Alternatively, the pt.text.get_text() transformer can be used, which can extract metadata from a Terrier index or IRDSDataset for documents already retrieved. The main advantage of using IRDSDataset is that it supports all document fields, not just those that were included as meta fields when indexing.
Examples:
# the following pipelines are equivalent
pipe1 = pt.BatchRetrieve(index, metadata=["docno", "body"])
pipe2 = pt.BatchRetrieve(index) >> pt.text.get_text(index, "body")
dataset = pt.get_dataset('irds:vaswani')
pipe3 = pt.BatchRetrieve(index) >> pt.text.get_text(dataset, "text")
- pyterrier.text.get_text(indexlike, metadata='body', by_query=False, verbose=False)[source]¶
A utility transformer for obtaining the text from the text of documents (or other document metadata) from Terrier’s MetaIndex or an IRDSDataset docstore.
- Return type
- Parameters
indexlike – a Terrier index or IRDSDataset to retrieve the metadata from
metadata (list(str) or str) – a list of strings of the metadata keys to retrieve from the index. Defaults to [“body”]
by_query (bool) – whether the entire dataframe should be progressed at once, rather than one query at a time. Defaults to false, which means that all document metadata will be fetched at once.
verbose (bool) – whether to print a tqdm progress bar. Defaults to false. Has no effect when by_query=False
Example:
pipe = ( pt.BatchRetrieve(index, wmodel="DPH") >> pt.text.get_text(index) >> pt.text.scorer(wmodel="DPH") )
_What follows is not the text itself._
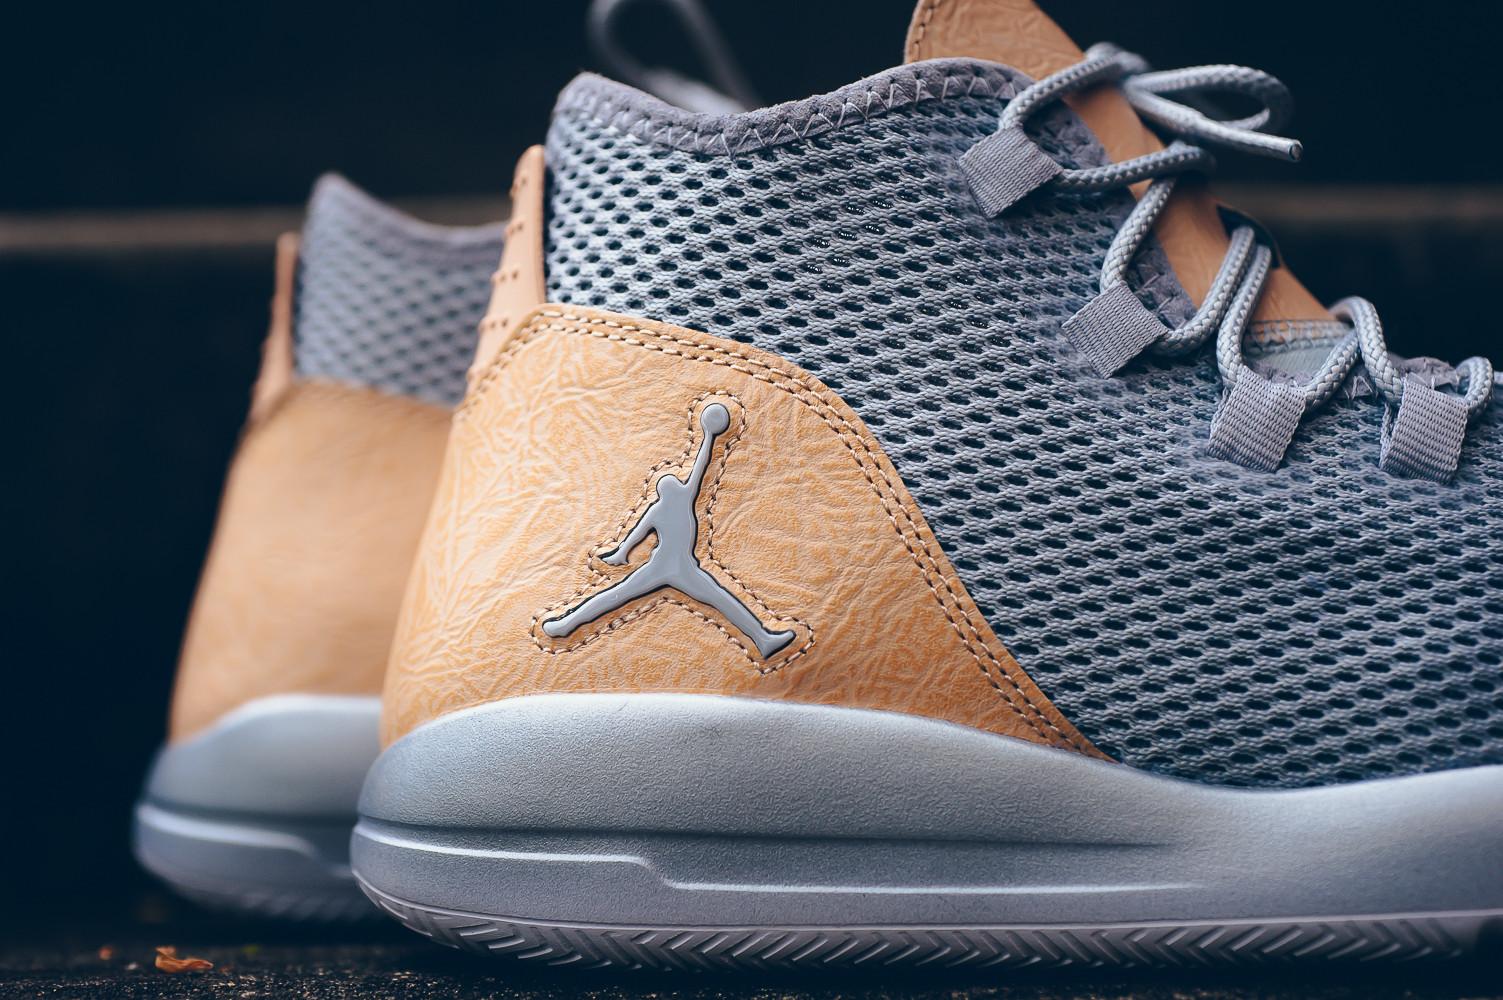 brand new a0106 97a29 Jordan Reveal Archives - Air Jordans, Release Dates   More    JordansDaily.com

Scoring query/text similarity¶
- pyterrier.text.scorer(*args, **kwargs)[source]¶
This allows scoring of the documents with respect to a query, without creating an index first. This is an alias to pt.TextScorer(). Internally, a Terrier memory index is created, before being used for scoring.
Example:
df = pd.DataFrame( [ ["q1", "chemical reactions", "d1", "professor protor poured the chemicals"], ["q1", "chemical reactions", "d2", "chemical brothers turned up the beats"], ], columns=["qid", "query", "docno", "text"]) textscorerTf = pt.text.scorer(body_attr="text", wmodel="Tf") rtr = textscorerTf.transform(df) # rtr will have a score for each document for the query "chemical reactions" based on the provided document contents # both attain score 1, as, after stemming, they both contain one occurrence of the query term 'chemical' # ["q1", "chemical reactions", "d1", "professor protor poured the chemicals", 0, 1] # ["q1", "chemical reactions", "d2", "chemical brothers turned up the beats", 0, 1]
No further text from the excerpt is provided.